Low doses show have shown, in one study, to have fairly remarkable protective effects on the pancreas and preserve insulin secretion
One study noted that a saponin in Gynostemma Pentaphyllum is able to selectively activate LXRα, an enzyme highly localized to the liver that plays a role in cholesterol regulation.
A study incubating hepatocytes with a high glucose and linoleic acid content (to mimic the conditions which damage liver cells during NAFLD) found that an ethanolic extract of Gynostemma pentaphyllum was able to attenuate the concentration of triglycerides and cholesterol in hepatocytes in a concentration dependent manner between 100-300mcg/mL. A reduction of F2-IsoPs was noted (although unreliable) and thought to be related to anti-oxidant properties; an increase of nitrate concentration was noted when coincubated with fatty acids only.
Hepatic Stellate cell growth has been shown to be inhibited in vitro at 500μg/mL by Gypenosides via inhibiting the Akt/p70s6k pathway and suppressing the secretions of the cytokines MCP-1 (40%), VEGF (17%), and TIMP-1 (25%) relative to untreated control; this inhibition of MCP-1 also occurs with suppressed mRNA content, which is independent of the Akt/p70s6k pathway. A reduction in type I procollagen also occured in a dose-dependent manner, although on all markers concentrations of 100-400mcg/mL were much less effective than 500mcg/mL. These mechanisms may underlie the anti-fibrotic effect observed in vivo, when rats given Gynostemma Pentaphyllum experienced less collagen growth in their livers in response to a fibrosis-inducing toxin (CCl4).
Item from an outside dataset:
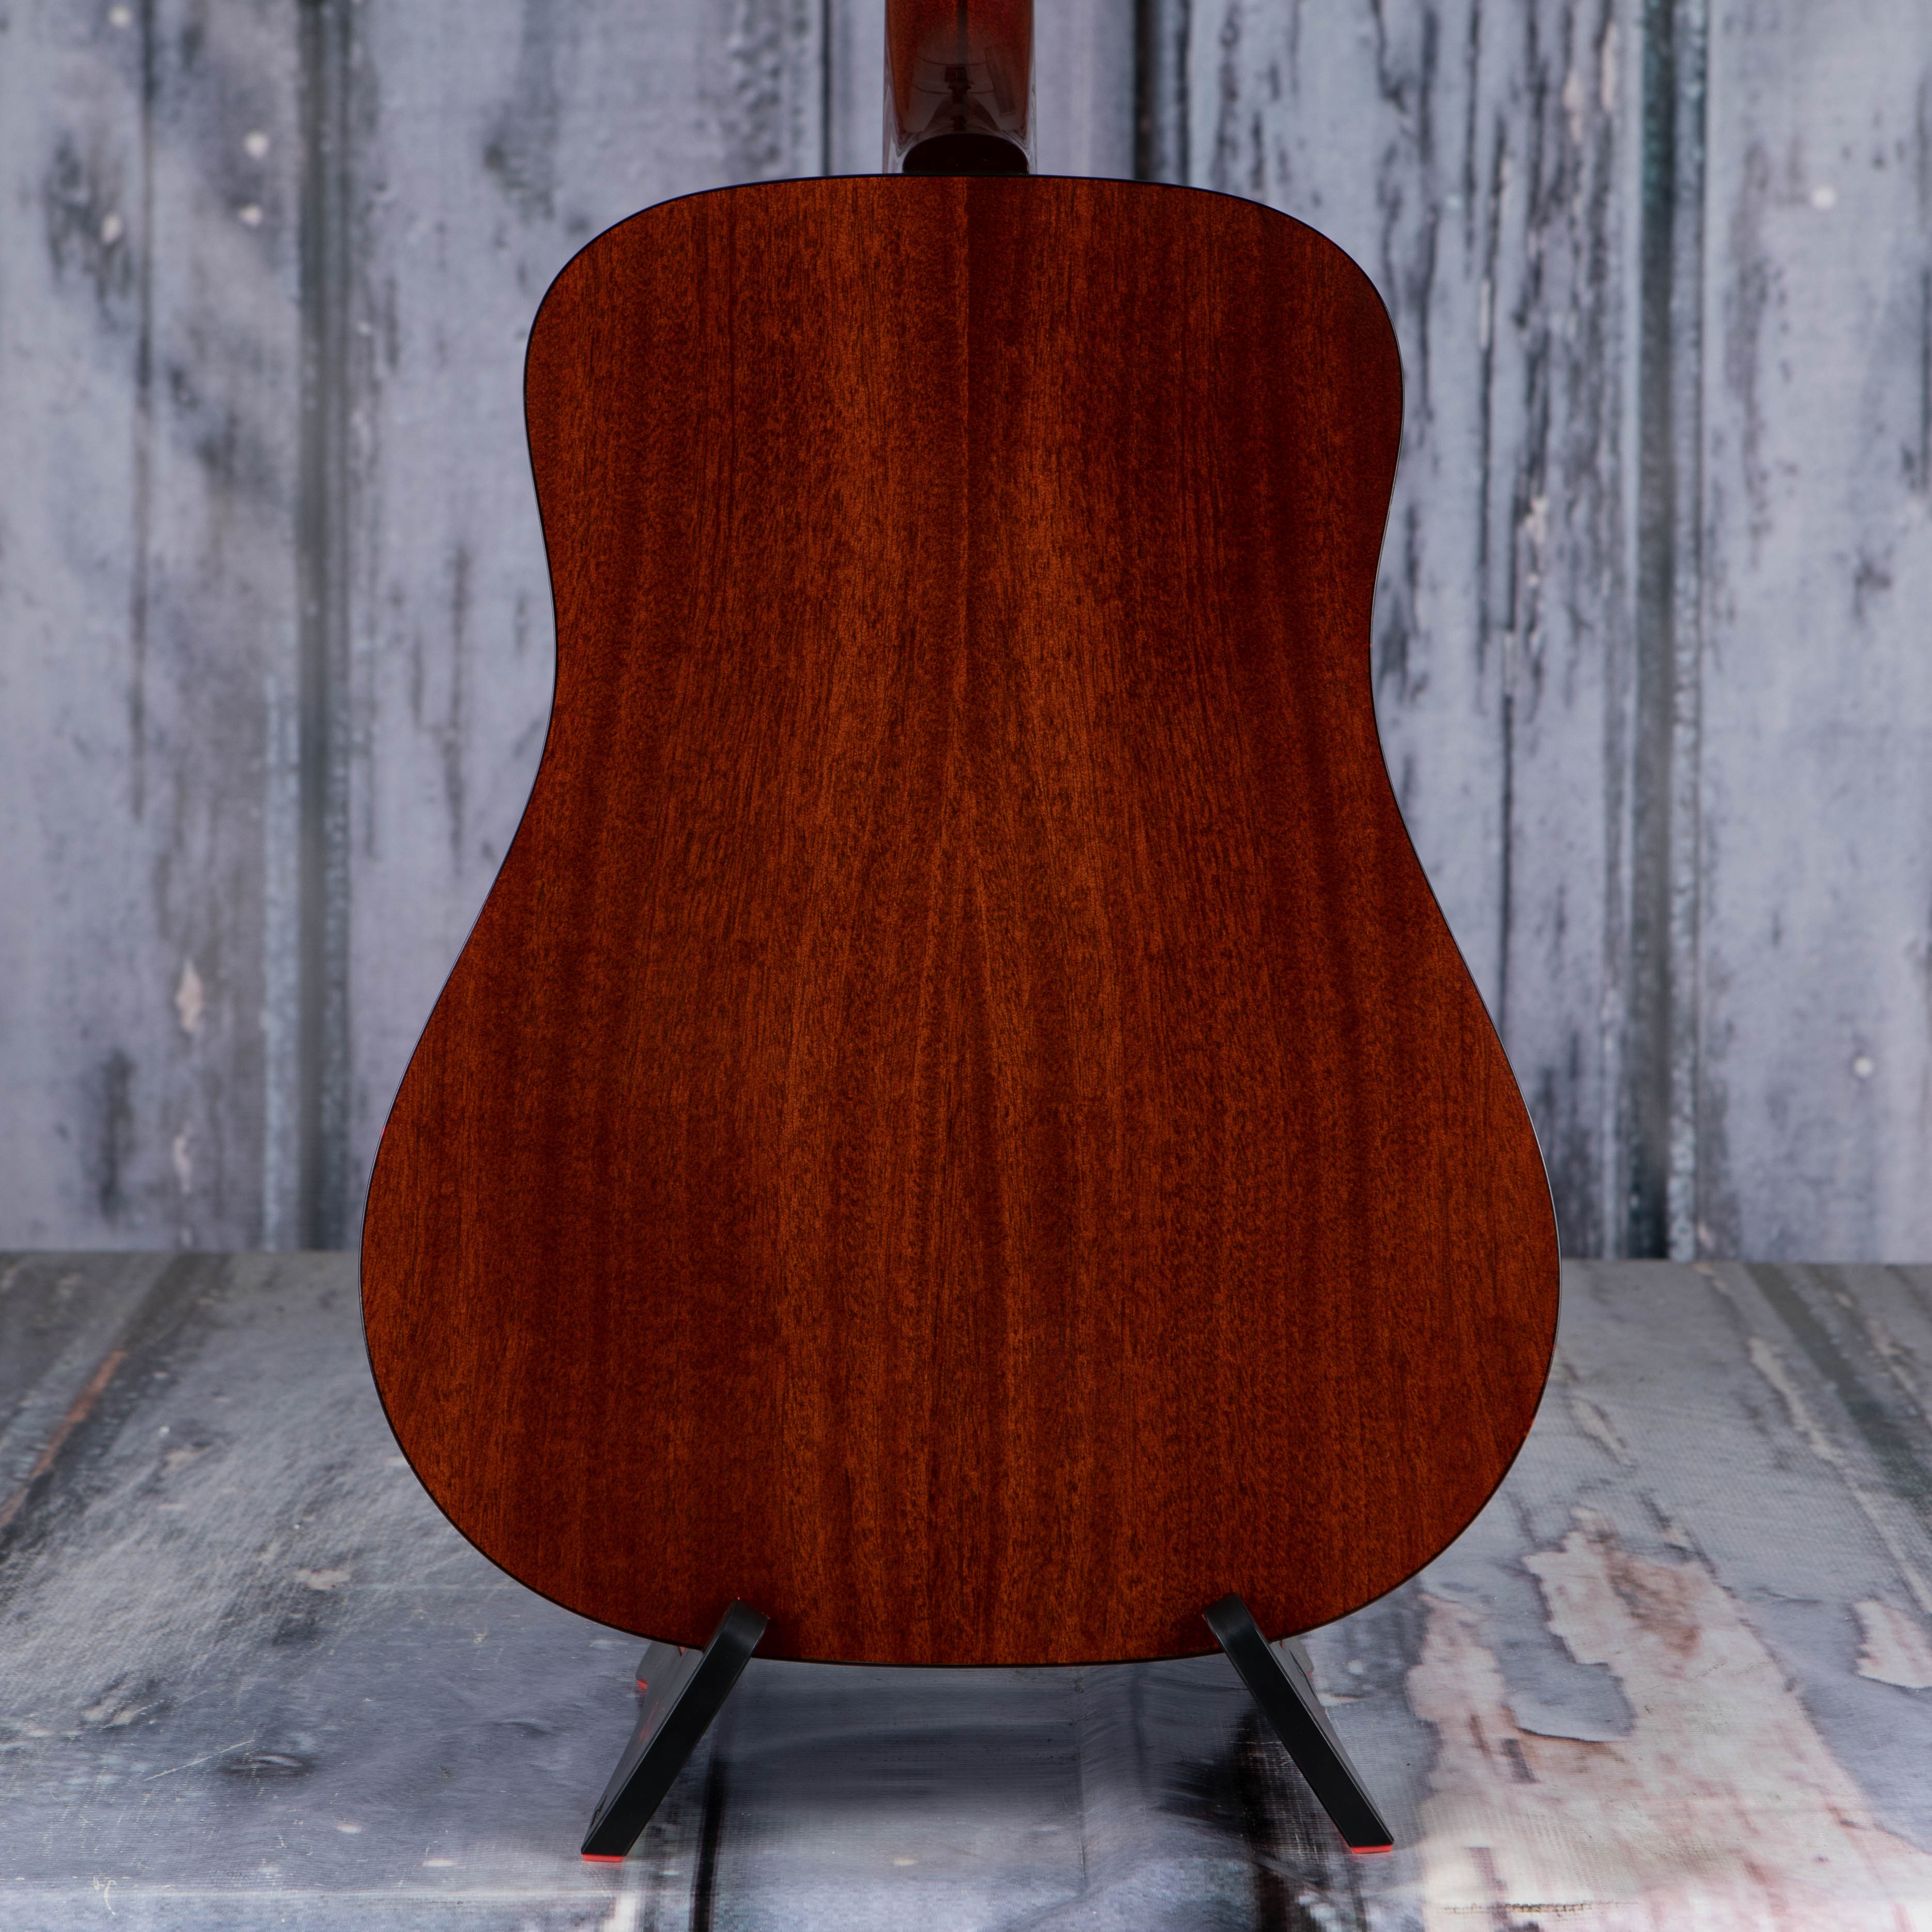 Guild D-40 Traditional Acoustic Guitar, Antique Burst, back closeup

General protective effects from mixed anti-oxidant and anti-inflammatory mechanisms, may be anti-fibrotic and protect liver cells during instances of NAFLD
In rats given a high fat and cholesterol diet with some alcohol (to induce hepatic steatotosis) Gypenosides given at 15, 30, or 60mg/kg noted that the high dose group was approximately as effective as Silymarin at 23mg/kg in attenuating weight gain over 10 weeks and attenuating the hepatic index, but was more effective at reducing intrahepatic triglycerides (although PPARα mRNA levels were similar between groups; both higher than control). ALT and AST were reduced similarly in the 30-60mg/kg Gypenoside groups as was the Silymarin group.
One pilot study that compared 80mL Gynostemma Pentaphyllumtea against placebo in persons with Non-Alcoholic Fatty Liver (NAFLD) in conjunction with dieting noted that while diet was effective at all time points, the addition of tea failed to exert any significant benefit at 2 months but at 6 months was associated with significantly improved insulin sensitivity, weight loss, and serum liver enzyme profile relative to dieting placebo.
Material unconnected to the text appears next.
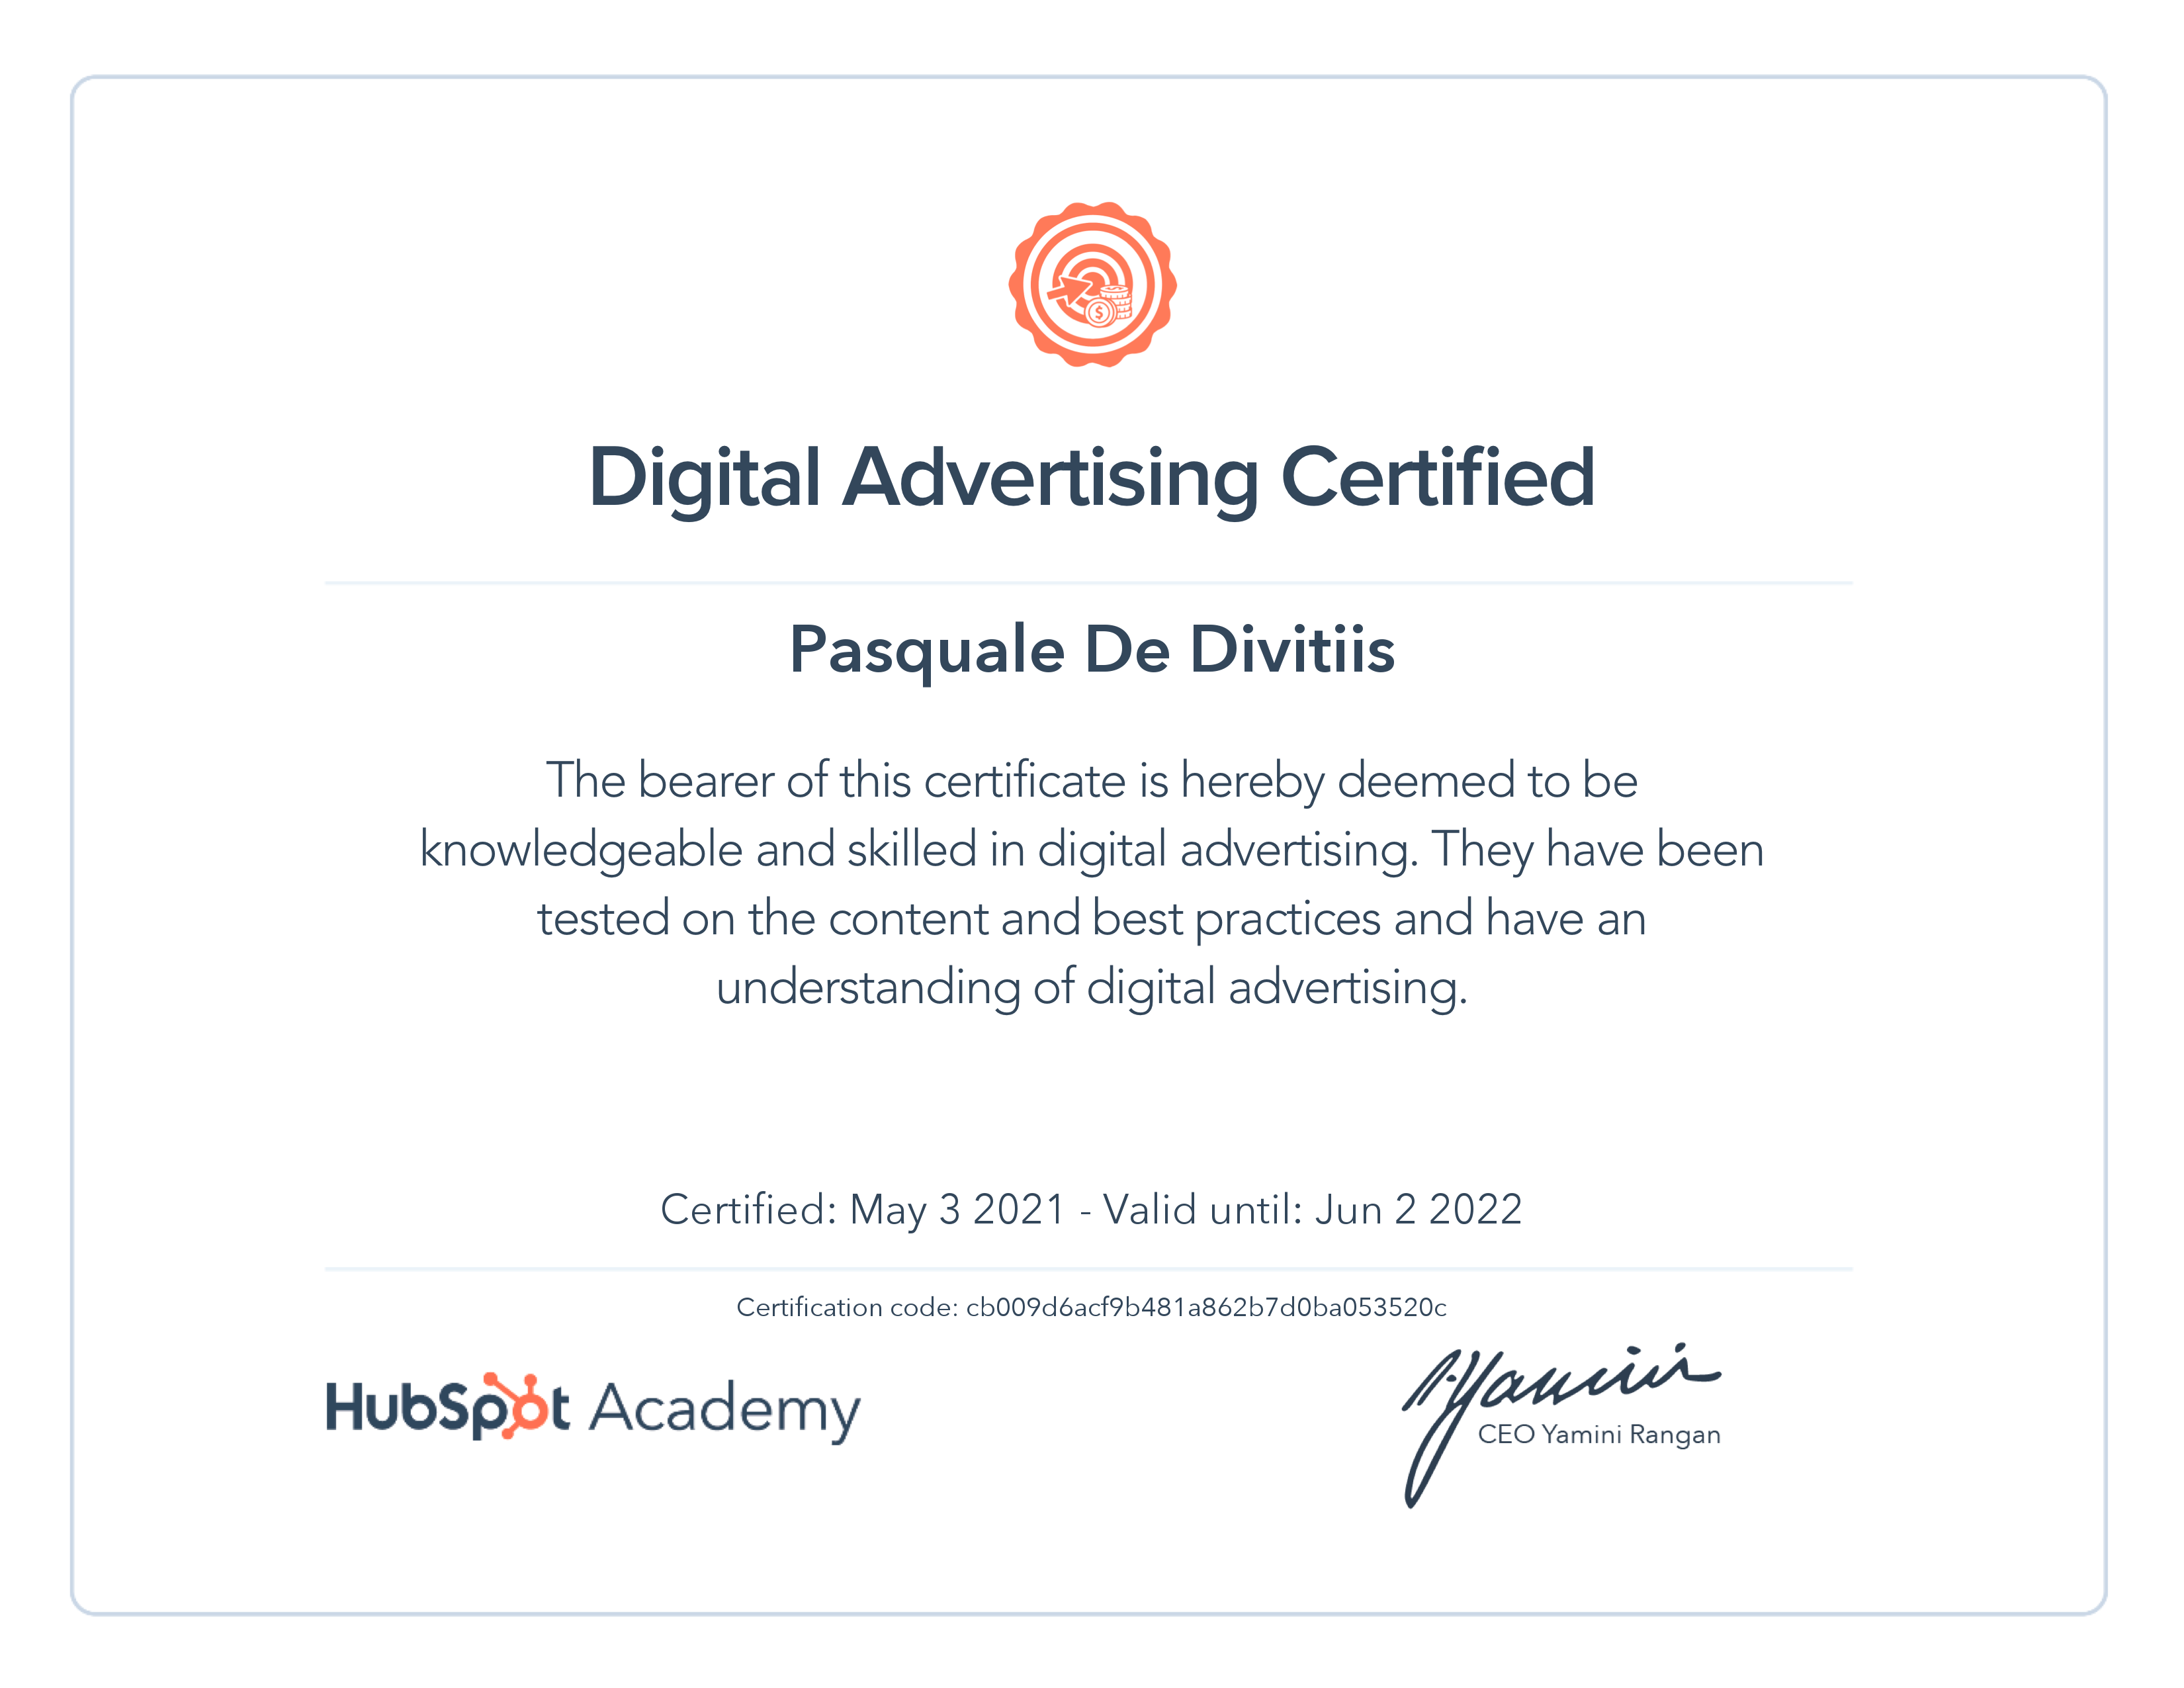 HubSpot Academy / Digital Advertising Certification

In instances of high liver fat (NAFLD), Gynostemma Pentaphyllum has shown benefit following oral administration; only one human study using low dose tea but showed benefit over 6 months
Gypenosides may have protective effects against renal fibrosis via attenuating changes in TGF-ß1, CTGF, and Smad7 (proteins involved in pathogenesis of fibrosis) and a single dose of 200mg/kg oral Gypenosides has shown to reverse the increase in urinary protein excretion induced by 10mg/kg Indomethacin, trending (nonsignificantly) to be less than control rats. An increase in urinary N-acetyl-β-glucosaminidase was noted with the paired group (usually indicative of tubular toxicity), but there was no group taking Gypenosides in isolation to assess whether this is a per se effect of Gypenosides.
Protective effects against fibrosis may also apply to the kidney, and although one study noted a normalization of urinary protein (indicative of renal protection) some biomarkers were not ideal; further research is needed
9.5. Digestive Tract
When 200mg/kg Gypenosides is taken 30 minutes prior to an overdose of NSAIDs (10mg/kg Indomethacin), the Gypenosides exert good protection of NSAID-induced ulcer inductions as assessed by ulceration area (mm3); reducing the ulcer by approximately 91%. Similar protective effects are observed in the intestines where ulceration was reduced by 88% and increases in haptoglobin (serum) and haemoglobin (caecal) with Indomethacin were effectively normalized. Protection against Helibactor Pylori induced ulcers,stress-induced ulcers, and acid with alcohol induced ulcers.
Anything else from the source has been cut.